Imagine, for a second, that Google Slides is a Shop Vac. (You know, one of those short, wide wet/dry vacuum cleaners with a hose.) Go with me on this …
You can use that vacuum cleaner to do a lot with just a hose.
Cheerios and Cheetos all over your minivan? (If you’re a parent, you know the struggle is real.) Clean ’em out with the vacuum cleaner.
Big rain storm has your basement flooded? Suck the water up with the vacuum cleaner.
But what if those Cheetos are down in the cracks and crevices of your vehicle and you just can’t quite reach them?
That’s where your attachments save you:
- Use that narrow skinny one to get between the cracks in the seat.
- Use the wide one to cover a larger surface area of the floor on each pass.
- Use the tiny pointed one and put the hose where the air blows out instead and voila — you can inflate an air mattress!
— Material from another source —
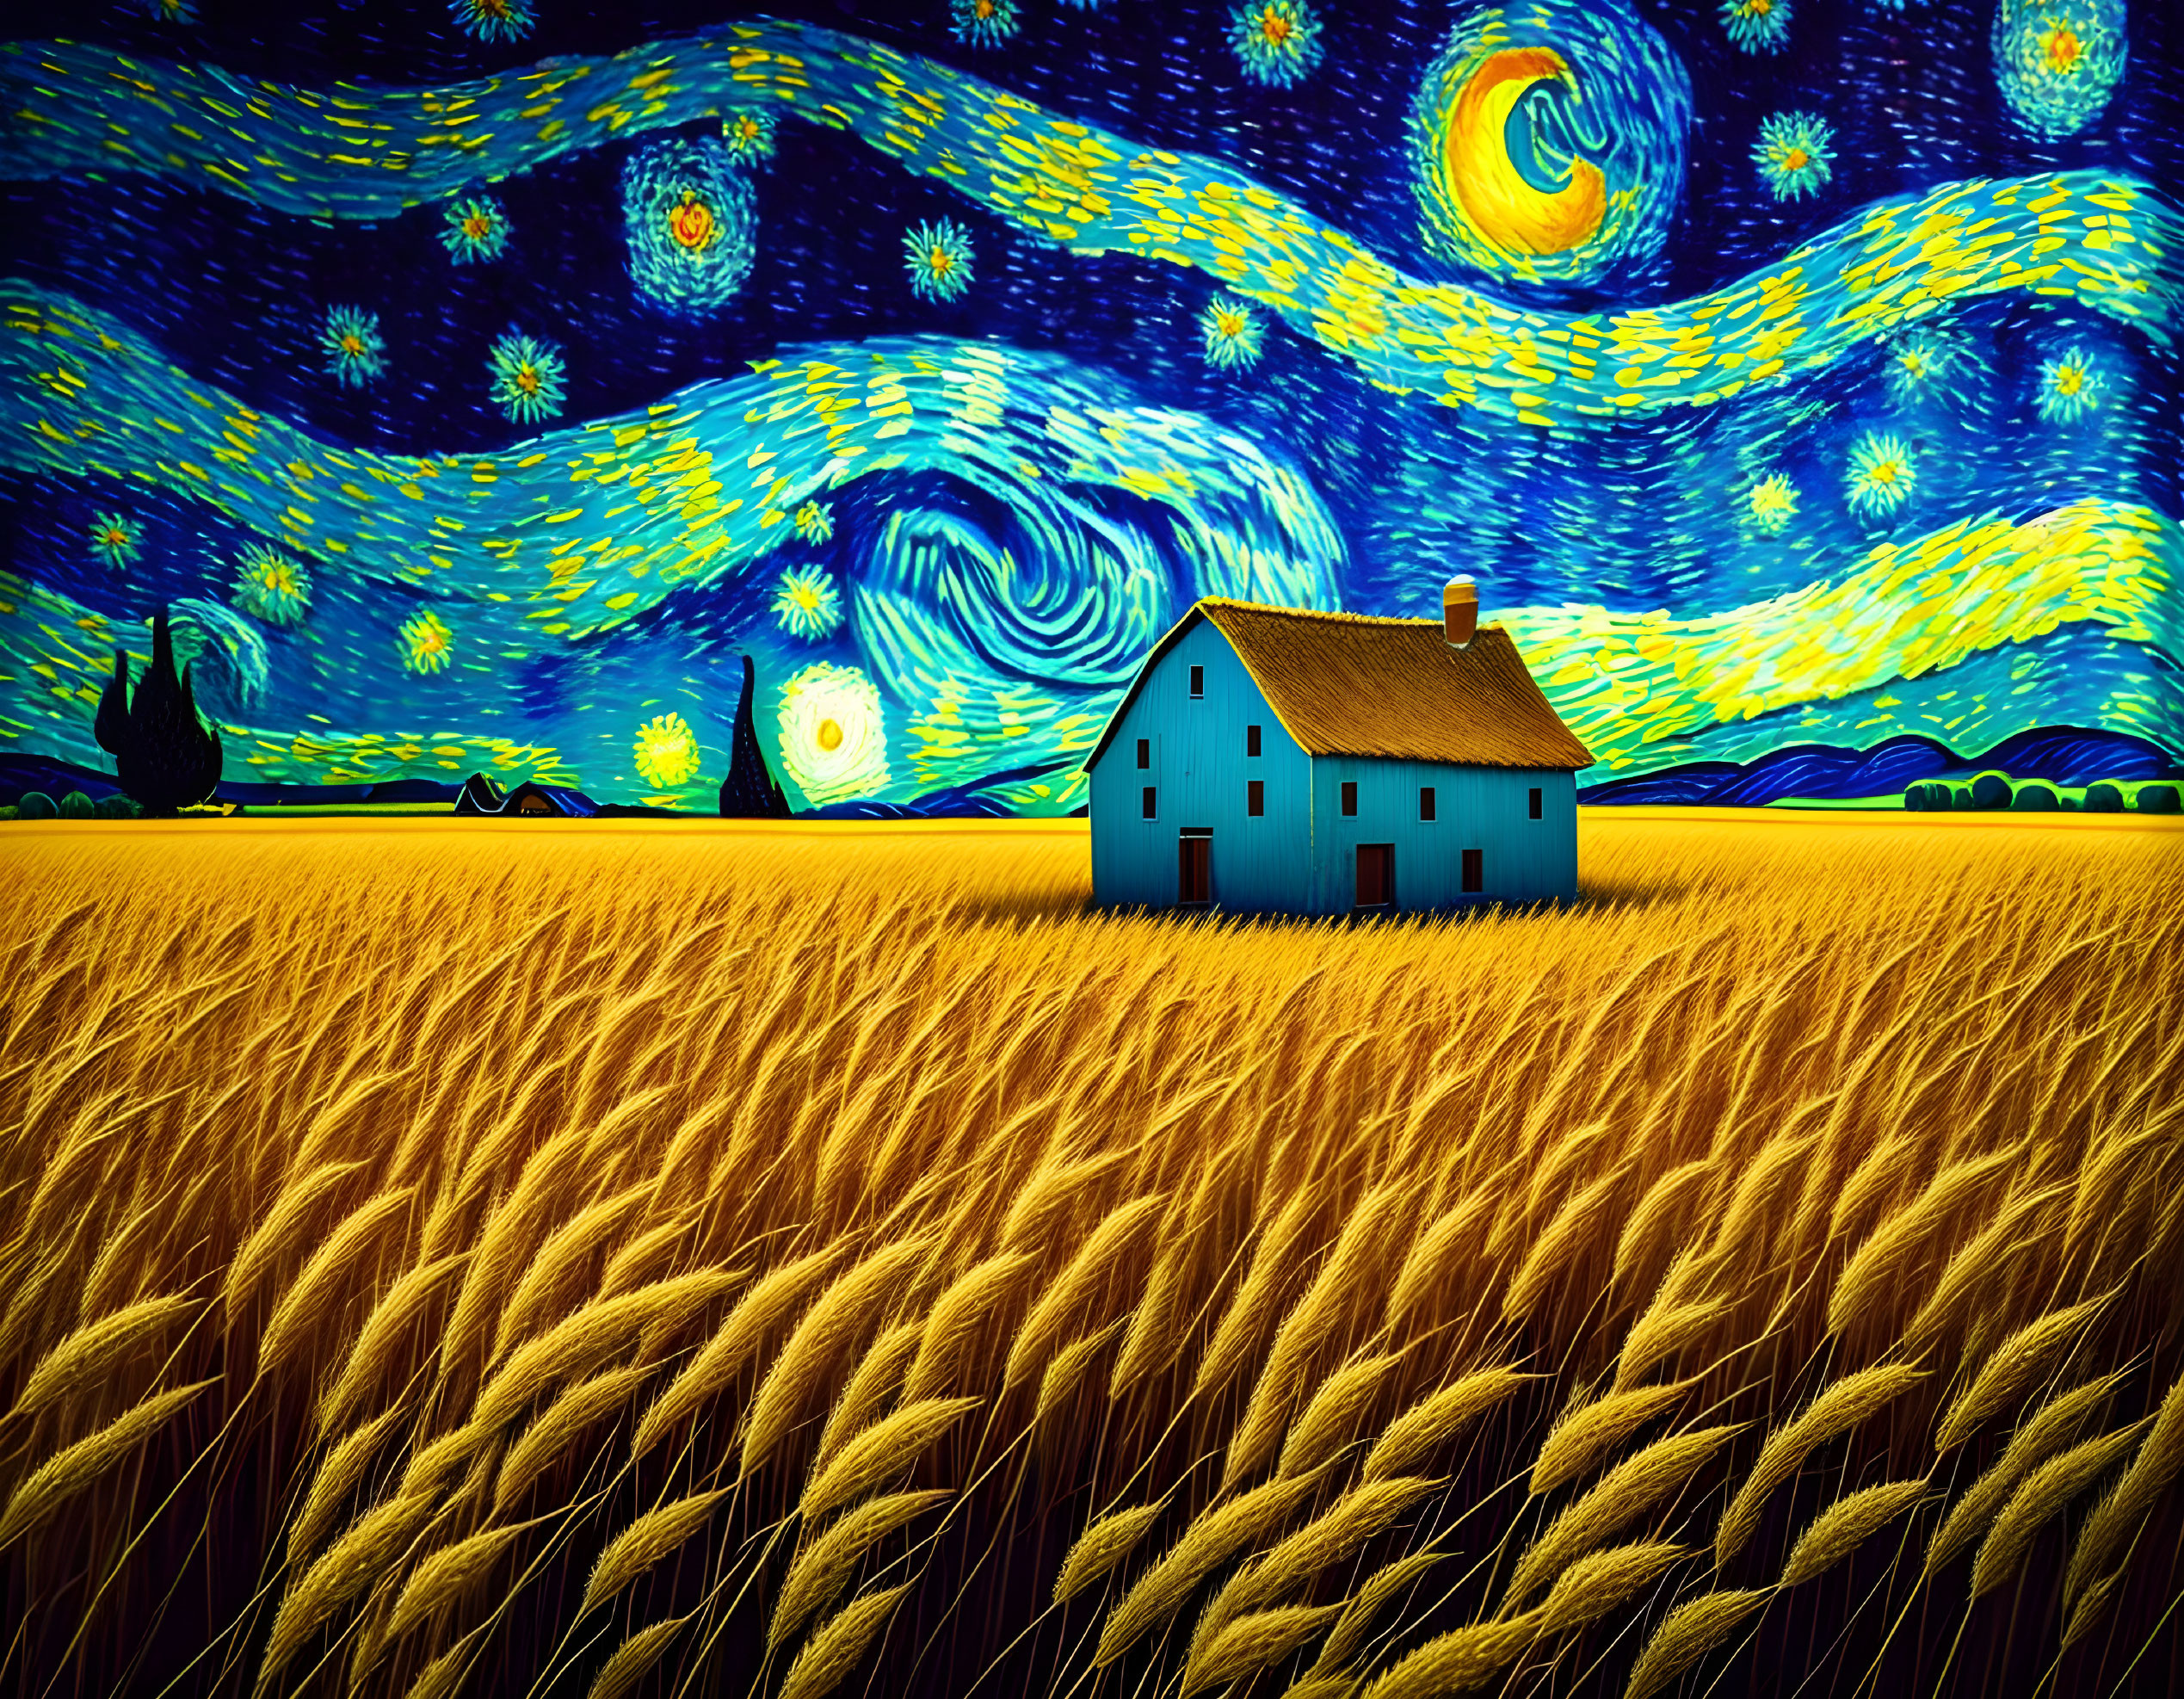 The wheat field on a starry night

Your vacuum cleaner is handy. But with attachments, it gains super powers that makes it even more useful.
Big news: the “Google Slides vacuum cleaner” just got attachments.
They’re called add-ons. We already had them with Docs, Forms and Sheets. Add-ons let people with coding skills to create functionality for Google Slides that it doesn’t have otherwise.
And when you open up that reservoir of creativity, great things start to flood through.
Google announced the release of Slides add-ons, and in short order, we already have some new magical things we can do in the classroom.
Kasey Bell and I discussed the release of Google Slides add-ons and other cool updates in this episode of the Google Teacher podcast. (What? You haven’t subscribed to the podcast yet? Click here to subscribe so each new episode is automatically downloaded to your phone!)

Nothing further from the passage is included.